English

Configure Scaling for Inference Services

Introduction

This document provides a step-by-step guide for configuring autoscaling up and down for inference services. With these settings, you can optimize resource usage, ensure service availability during high load, and release resources during low load.

About the Autoscaler

Knative Serving supports two autoscalers: Knative Pod Autoscaler (KPA) and Kubernetes' Horizontal Pod Autoscaler (HPA). By default, our services use the Knative Pod Autoscaler (KPA).

KPA is designed for serverless workloads and can quickly scale up based on concurrent requests or RPS (requests per second), and can scale services to zero replicas to save costs. HPA is more general and typically scales based on metrics like CPU or memory usage. This guide primarily focuses on configuring services via the Knative Pod Autoscaler (KPA).

Steps

Autoscaling Down Configuration

This section describes how to configure inference services to automatically scale down to zero replicas when there is no traffic, or to maintain a minimum number of replicas.

Enable/Disable Scale to Zero

You can configure whether to allow the inference service to scale down to zero replicas when there is no traffic. By default, this value is true, which allows scaling to zero.

Using InferenceService Resource Parameters

In the spec.predictor field of the InferenceService, set the minReplicas parameter.

minReplicas: 0: Allows scaling down to zero replicas.

minReplicas: 1: Disables scaling down to zero replicas, keeping at least one replica.

apiVersion: serving.kserve.io/v1beta1
kind: InferenceService
metadata:
  name: demo
  namespace: demo-space
spec:
  predictor:
    minReplicas: 0
    ...

Platform-wide Disable of Scale to Zero

WARNING

Once the platform-wide feature is disabled, the minReplicas: 0 configuration for all services will be ignored.

You can modify the global ConfigMap to disable the platform's scale-to-zero feature. This configuration has the highest priority and will override the settings in all individual InferenceService resources.

In the config-autoscaler ConfigMap in the knative-serving namespace, modify the value of enable-scale-to-zero to "false"

apiVersion: v1
kind: ConfigMap
metadata:
  annotations:
    "helm.sh/resource-policy": keep
  name: config-autoscaler
  namespace: knative-serving
data:
  enable-scale-to-zero: "false"

Please ensure this annotation exists, otherwise your configuration will be reverted to the default value.

Configure Pod Retention Period After Scaling to Zero

This setting determines the minimum time the last Pod remains active after the autoscaler decides to scale to zero. This helps the service respond quickly when it starts receiving traffic again.

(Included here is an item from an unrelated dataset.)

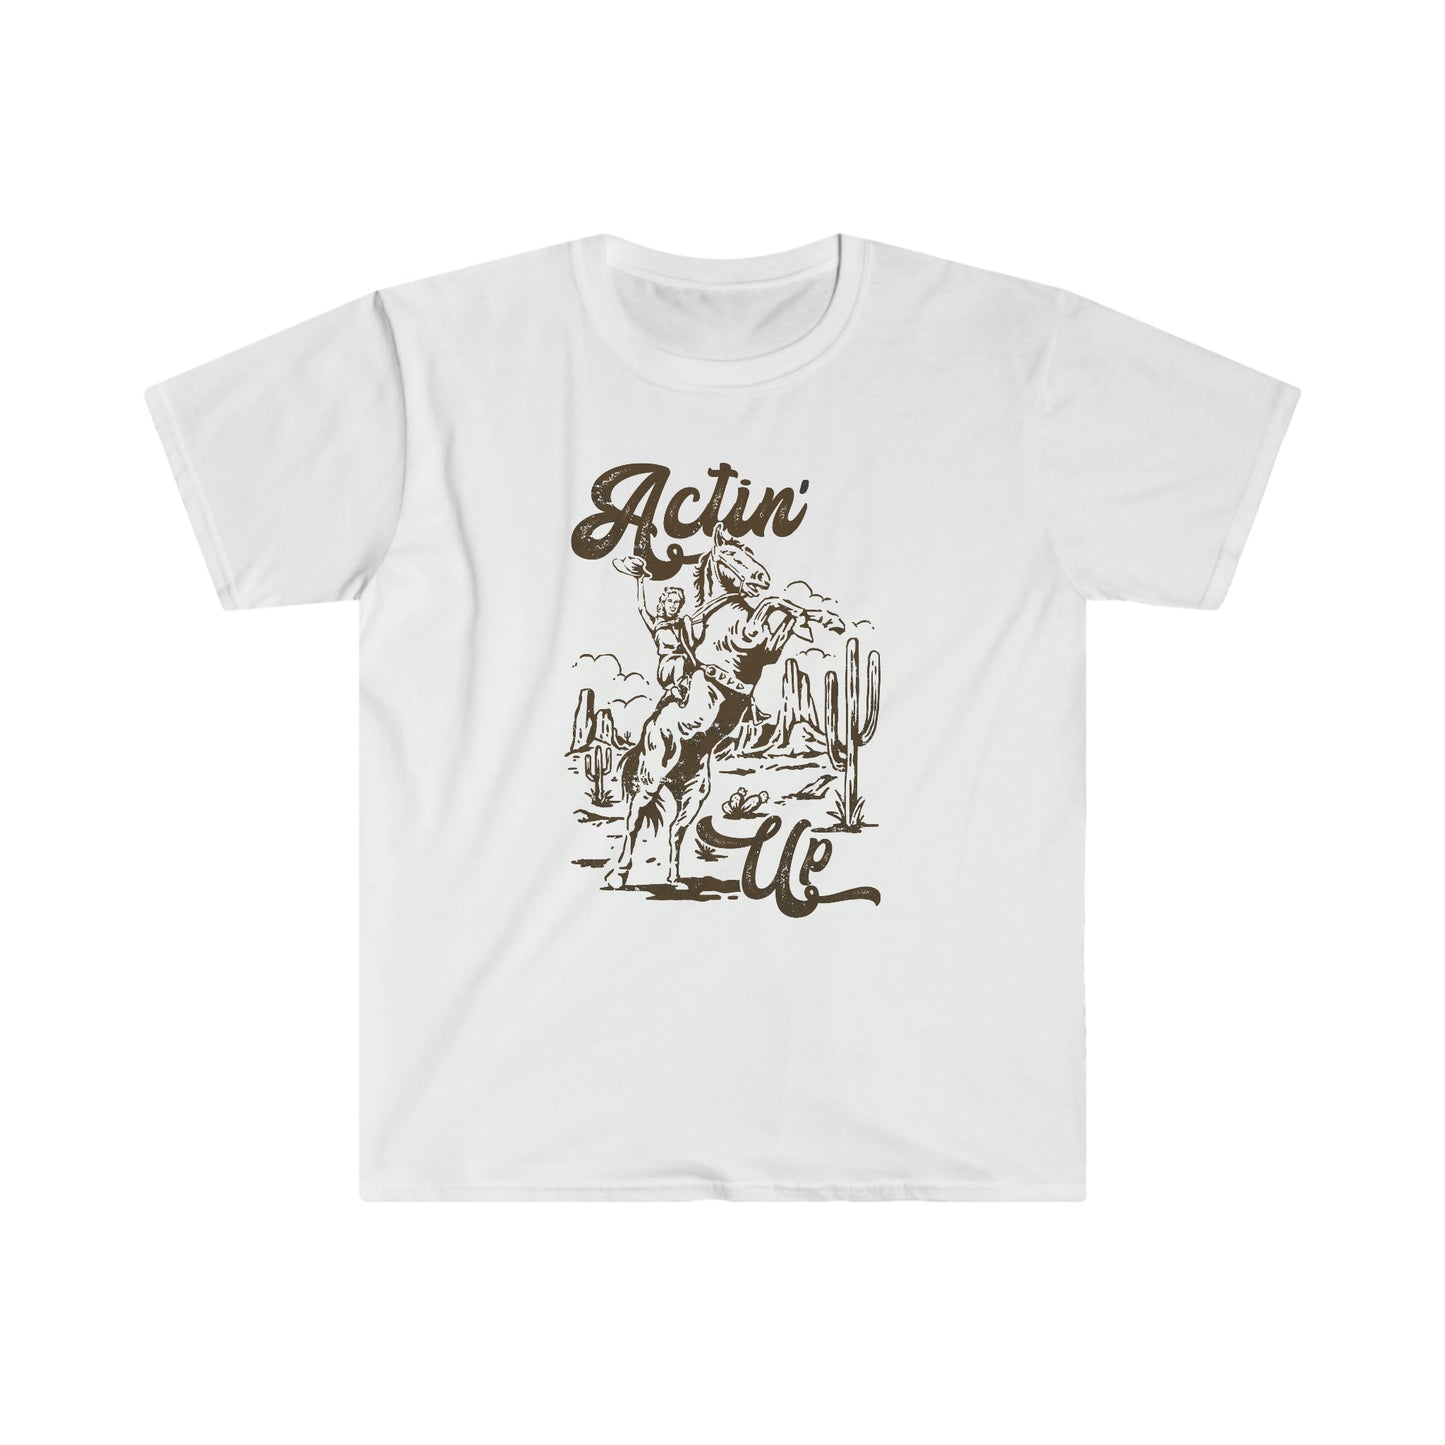 "Actin' Up" Gildan Softstyle T-Shirt

The default value is 0s

You can choose to configure this for a single service or modify the global ConfigMap to make this setting effective for all services.

Method 1: Using InferenceService Annotations

In the spec.predictor.annotations of the InferenceService, add the autoscaling.knative.dev/scale-to-zero-pod-retention-period annotation.

apiVersion: serving.kserve.io/v1beta1
kind: InferenceService
metadata:
  name: qwen2
  namespace: fy-1
spec:
  predictor:
    annotations:
      autoscaling.knative.dev/scale-to-zero-pod-retention-period: "1m5s"
    ...

Method 2: Using a Global ConfigMap

In the config-autoscaler ConfigMap in the knative-serving namespace, modify the value of scale-to-zero-pod-retention-period to a non-negative duration string, such as "1m5s".

apiVersion: v1
kind: ConfigMap
metadata:
  annotations:
    "helm.sh/resource-policy": keep
  name: config-autoscaler
  namespace: knative-serving
data:
  scale-to-zero-pod-retention-period: "1m5s"

Please ensure this annotation exists, otherwise your configuration will be reverted to the default value.

Configure the Grace Period for Scaling to Zero

This setting adds a delay before removing the last replica after traffic stops, ensuring the activator/routing path is ready and preventing request loss during the transition to zero.

TIP

This value should only be adjusted if you encounter lost requests due to services scaling to zero. It does not affect the retention time of the last replica after there's no traffic, nor does it guarantee that the replica will be retained during this period.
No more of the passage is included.